What Is Live Migration?
Live Migration is the equivalent of vMotion. The purpose of this feature is to move virtual machines from one location to another without any downtime. Well, that’s the perception of Live Migration and vMotion. As anyone who as ever used these features in a lab will know, there is actually some downtime when vMotion or Live Migration are used. A better definition would be: Live Migration (or vMotion) allows you to move virtual machines without losing service availability. That’s a very subtle difference in definitions, which we will explain later on in this article.
The purpose of Live Migration is flexibility. Virtual machines are abstracted from the hardware on which they run. This flexibility allows us to match our virtual machines to our resources and to replace hardware more easily. It makes IT and the business more agile and response – all without impacting on the operations of the business.
Back to Basics
Often there is confusion between Live Migration and high availability (HA). This is due to the fact that Live Migration (and vMotion) historically required a host cluster with shared storage. But things have changed, and it’s important to understand the differences between Live Migration and HA.
Live Migration is a proactive operation. Maybe an administrator wants to power down a host and is draining it of virtual machines. The process moves the virtual machines, over a designated Live Migration network, with no drop in services availability. Maybe System Center wants to load balance virtual machines (VMM Dynamic Optimization). Live Migration is a planned and preventative action – virtual machines move with no downtime to service availability.
High availability, on the other hand, is reactive and unplanned. HA is the function of failover clustering in the Windows Server world. Hosts are clustered and virtual machines are marked as being highly available. Those virtual machines are stored on some shared storage, such as a SAN, a shared Storage Pool, or a common SMB 3.0 share. If a host fails, all of the virtual machines there were running on it stop. The other hosts in the cluster detect the failure via failed heartbeats. The remaining hosts failover the virtual machines that were on the now dead host. Those failed over virtual machines automatically power up. You’ll note that there is downtime.

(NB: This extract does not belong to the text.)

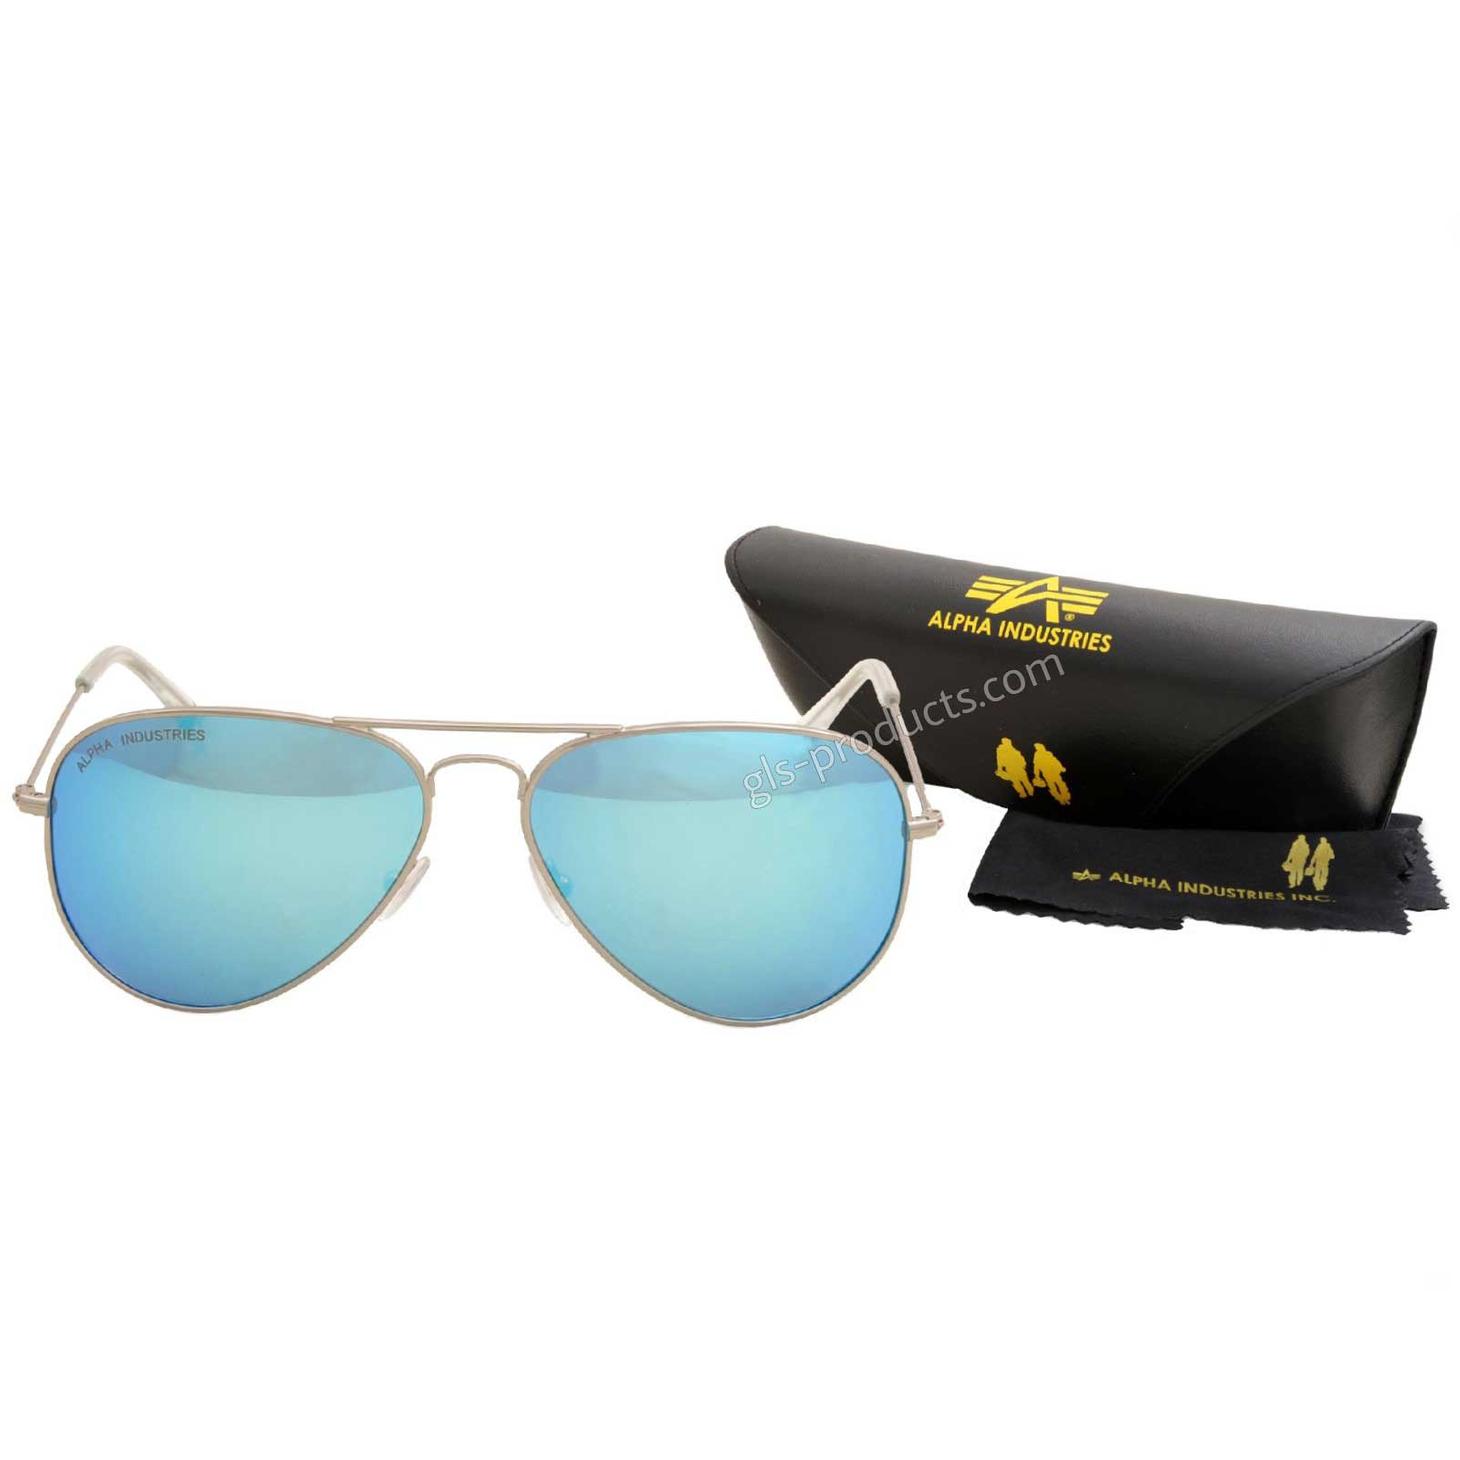 Alpha Top Gun Sunglasses mirrored 158904 – Picture 4

Read those two paragraphs again. There was no mention of failover clustering when Live Migration was discussed as a planned operation. Windows Server 2012 Hyper-V Live Migration does not require failover clustering: You can do Live Migration without the presence of a cluster. However, HA is the reason that failover clustering exists.
Promises of Live Migration
There are two very important promises made by Microsoft when it comes to Live Migration:
- The virtual machine will remain running no matter what happens. Hyper-V Live Migration does not burn bridges. The source copy of a virtual machine and its files remain where they are until a move is completed and verified. If something goes wrong during the move, the virtual machine will remain running in the source location. Those who stress-tested Live Migration in the beta of Windows Server 2012 witnessed how this worked. It is reassuring to know that you can move mission critical workloads without risk to service uptime.

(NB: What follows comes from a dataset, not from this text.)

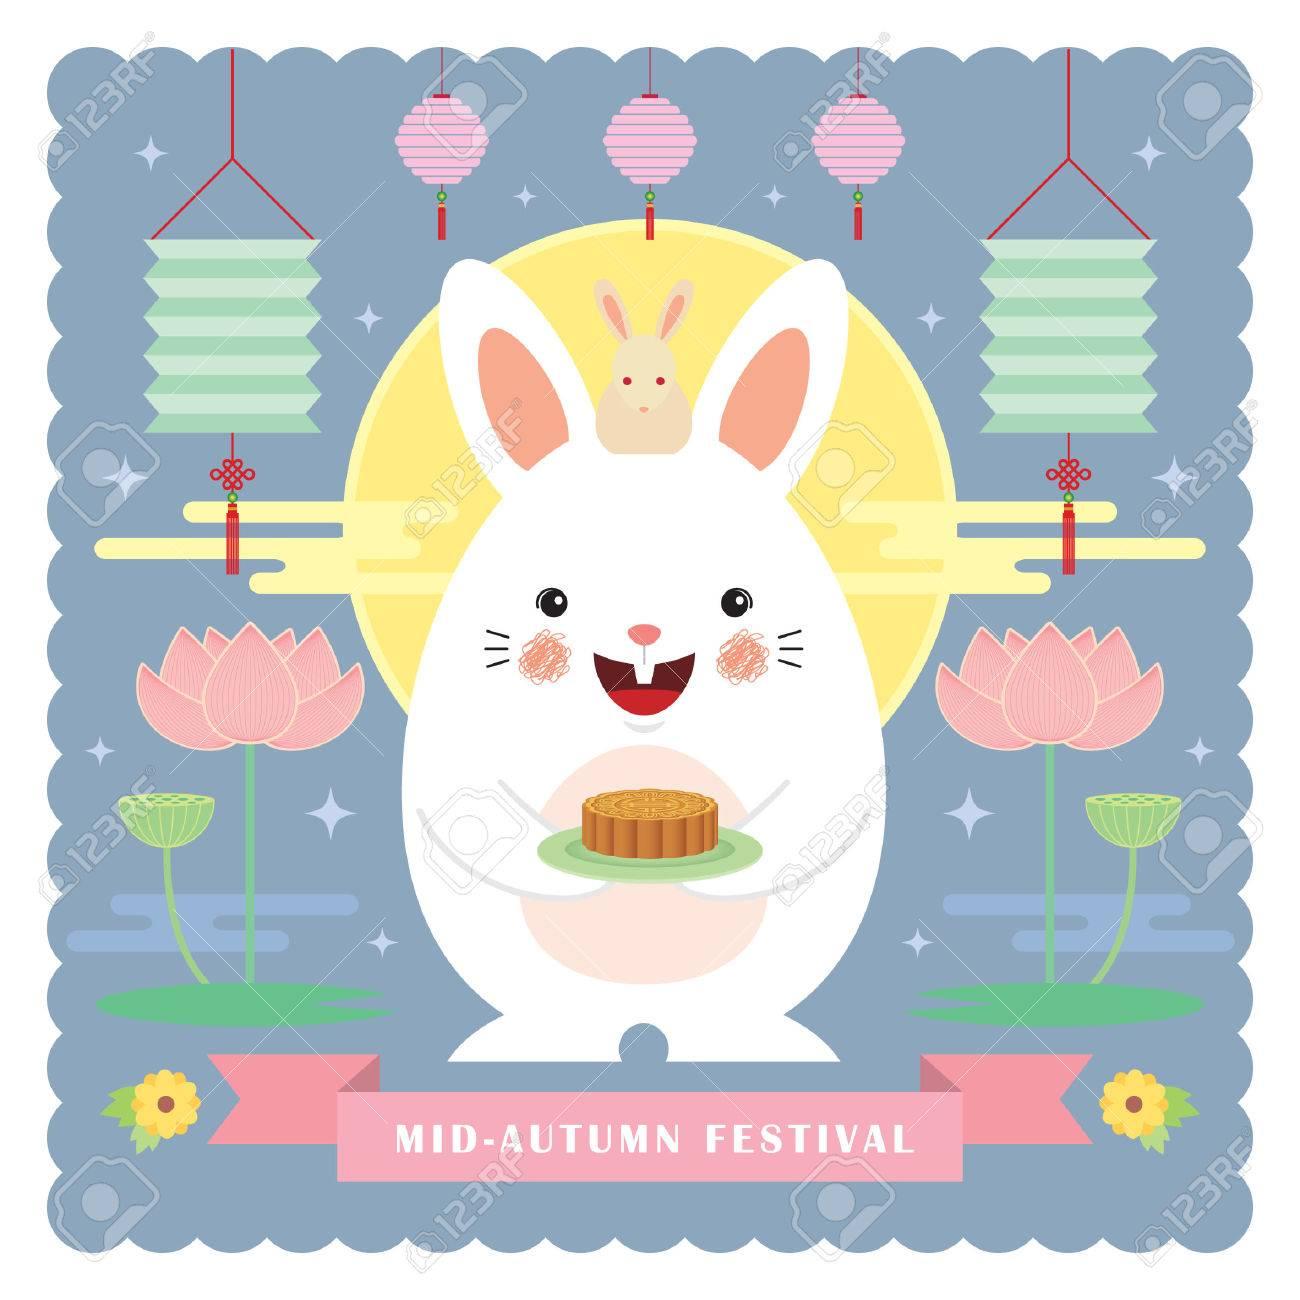 Mid autumn festival greeting card tempalte cute cartoon rabbit mid autumn festival greeting card tempalte cute cartoon rabbit holding mooncake with lanterns lotus kristyandbryce Choice Image

- No new features will prevent Live Migration. Microsoft understands the importance of flexibility. All new features will be designed and implemented to allow Live Migration. Examples of features that have caused movement restrictions on other platforms are Single Root IO Virtualization (SR-IOV) and virtual fiber channel. There are no such restrictions with Hyper-V – you can quite happily move Hyper-V virtual machines with every feature enabled.
Live Migration Changes in Windows Server 2012 Hyper-V
Windows Server 2012 features a number of major changes to Live Migration, some of which shook up the virtualization industry when they were first announced.

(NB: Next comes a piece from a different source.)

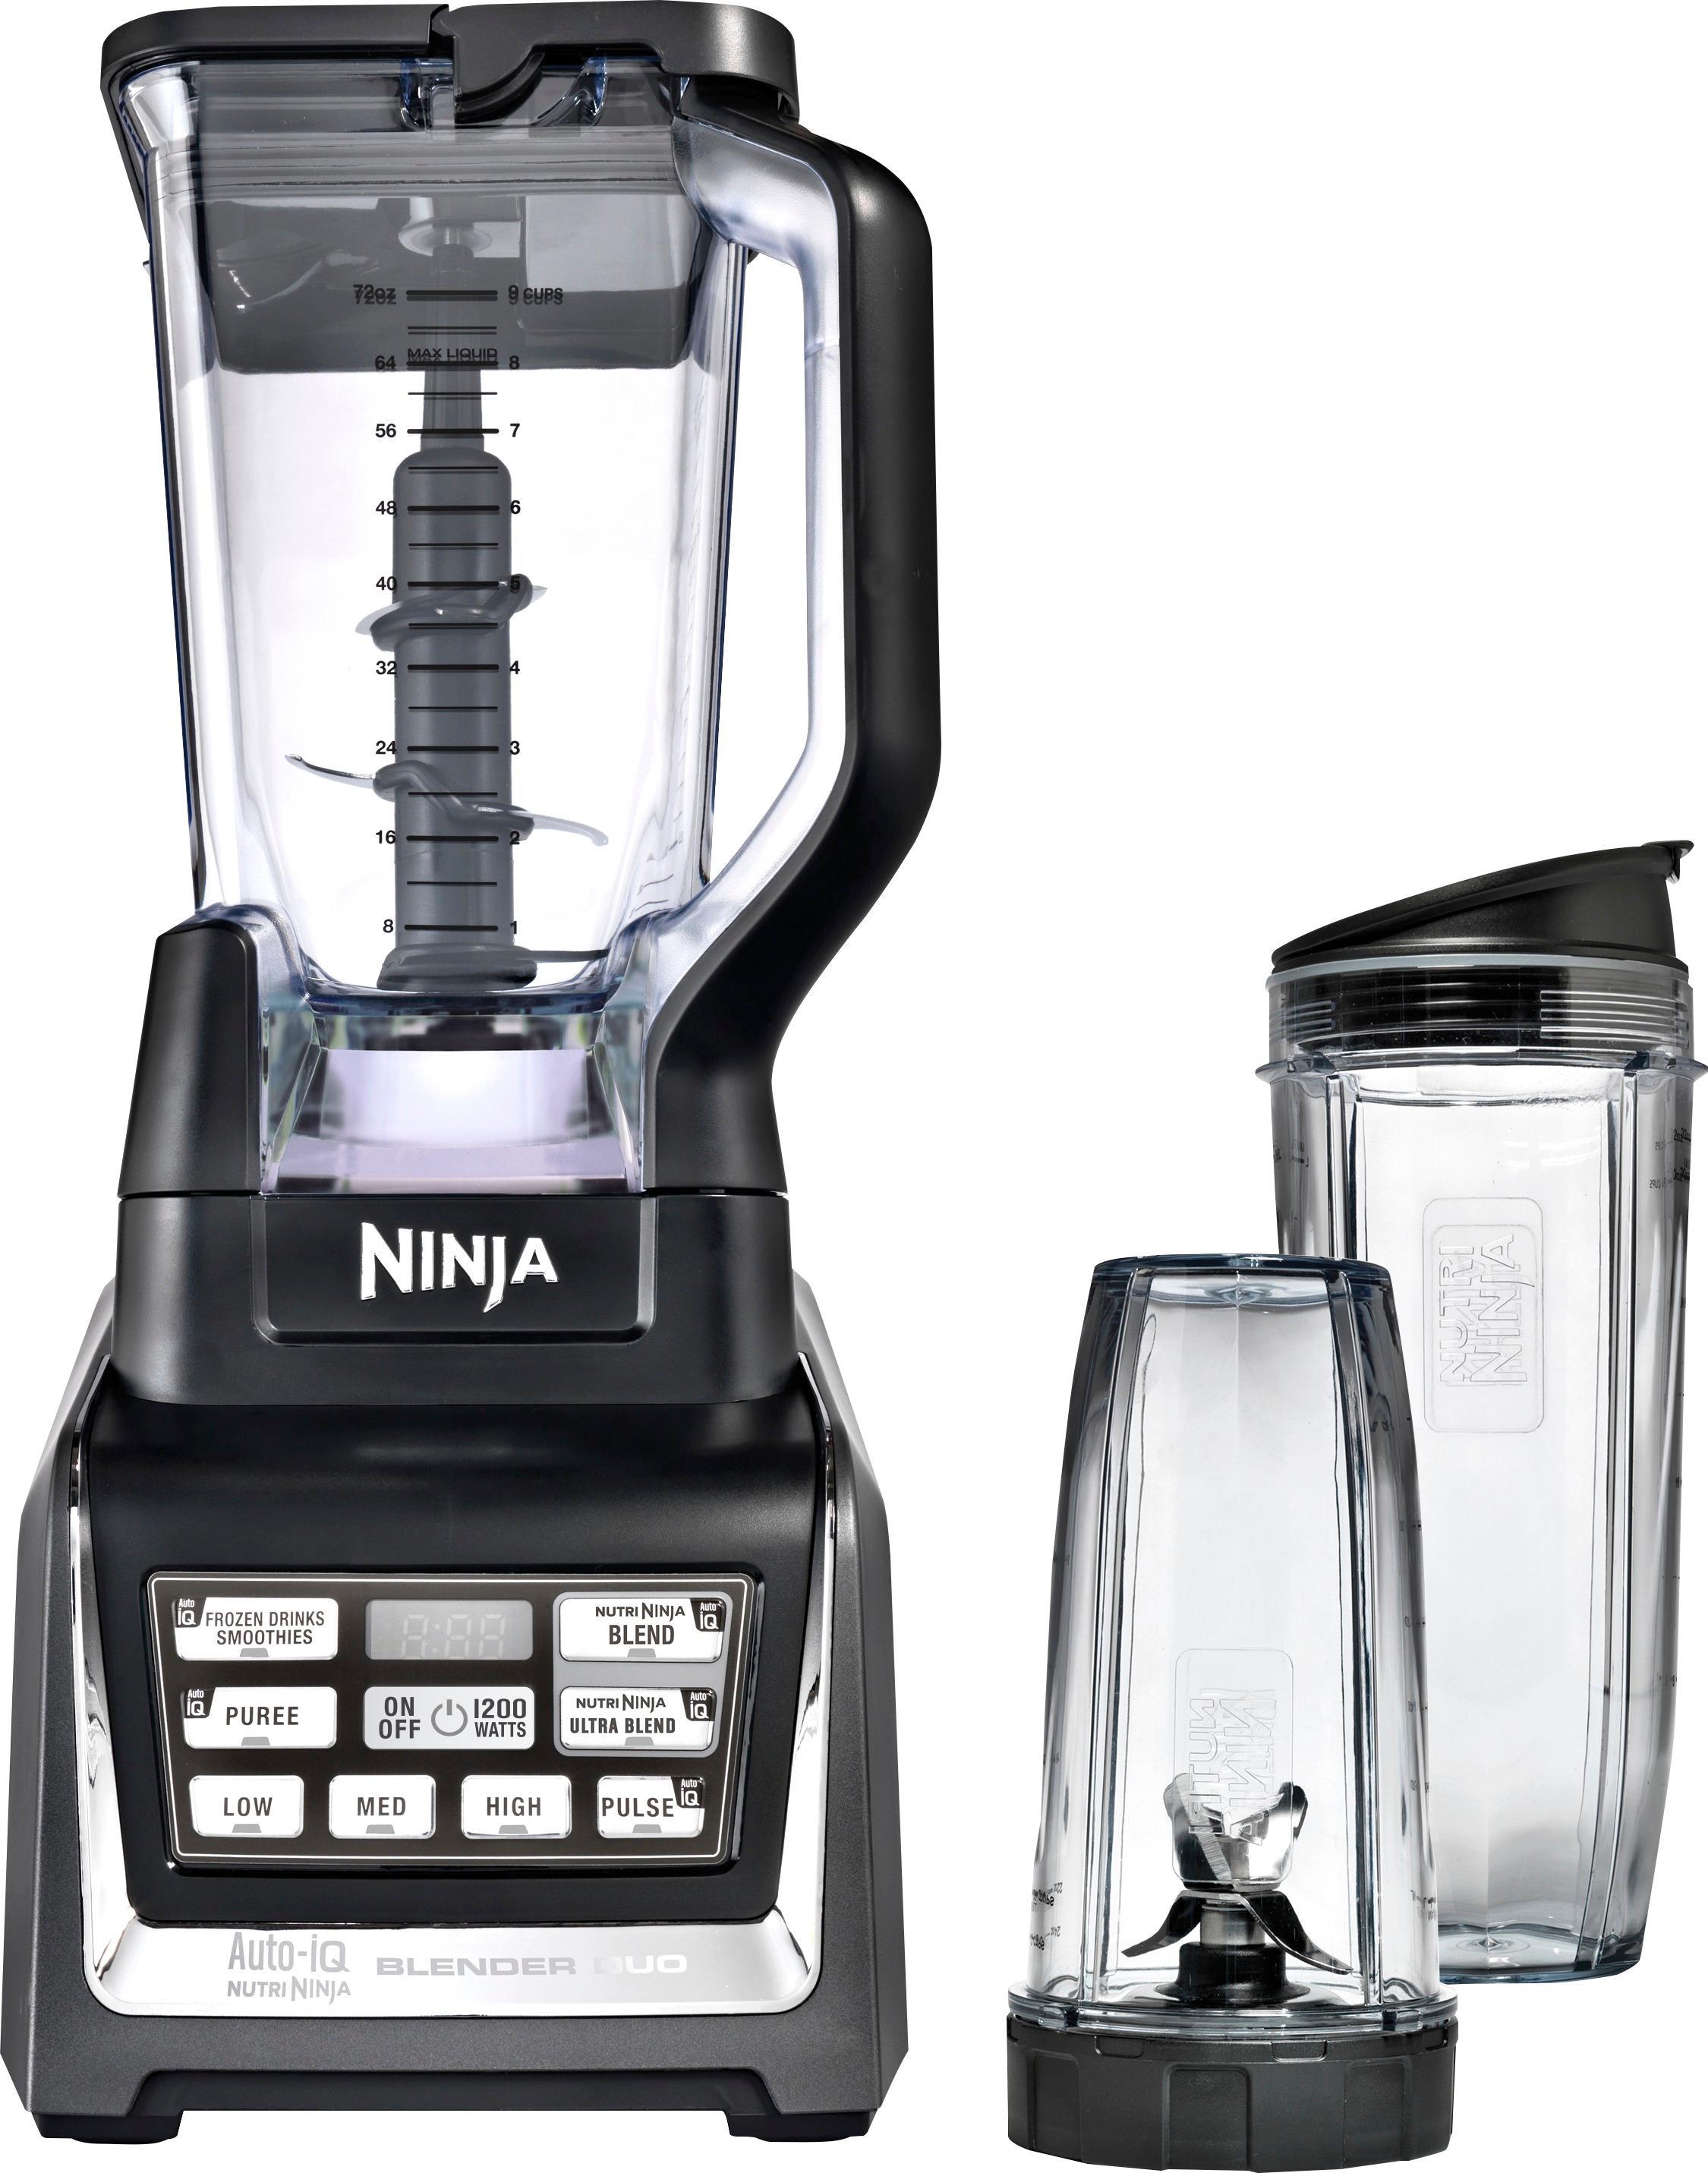 Ninja - Nutri Ninja 72-Oz. Blender Duo with Auto IQ - Black/Silver

- Performance enhancements: Some changes were made to the memory synchronization algorithm to reduce page copies from the source host to the destination host.
- Simultaneous Live Migration: You can perform multiple simultaneous Live Migrations across a network between two hosts, with no arbitrary limits.
- Live Migration Queuing: A clustered host can queue up lots of Live Migrations so that virtual machines can take it in turn to move.
- Storage Live Migration: We can move the files (all or some) of a virtual machine without affecting the availability of services provided by that virtual machine.
- SMB 3.0 and Live Migration: The new Windows Server shared folder storage system is supported as shared storage for Live Migration with or without a Hyper-V cluster.
- Shared Nothing Live Migration: We can move virtual machines between two non-clustered hosts, between a non-clustered host and a clustered host, and between two clustered hosts.
Performance Enhancements
Let’s discuss how Live Migration worked in Windows Server 2008 R2 Hyper-V before we look at how the algorithm was tuned. Say a virtual machine, VM01, is running on HostA. We decide we want to move the virtual machine to HostB via Live Migration. The process will work as follows:
- Hyper-V will create a copy of VM01’s specification and configure dependencies on HostB.
- The memory of VM01 is divided up into a bitmap that tracks changes to the pages. Each page was copied from the first to the last from HostA to HostB. Each page was marked as clean after it was copied.
- The virtual machine is running so memory is changing. Each changed page is marked as dirty in the bitmap. Live Migration will copy the dirty pages again, marking them clean after the copy. The virtual machine is still running, so some of the pages will change again and be marke as dirty. The dirty copy process will repeat until (a) it has been done 10 times or (b) there is almost nothing left to copy.
- What remains of the VM01 that has not been copied to HostB is referred to as the state. At this point VM01 is paused on HostA.
- The state is copied from HostA to HostB, thus completing the virtual machine copy.
- VM01 is resumed on HostB.
- If VM01 runs successfully on HostB then all trace of it is removed from HostA.
This process moves the memory and processor of the virtual machine from HostA to HostB, both in the same host cluster. The files of the virtual machine are on some shared storage (a SAN in Windows Server 2008 R2) that is used by the cluster.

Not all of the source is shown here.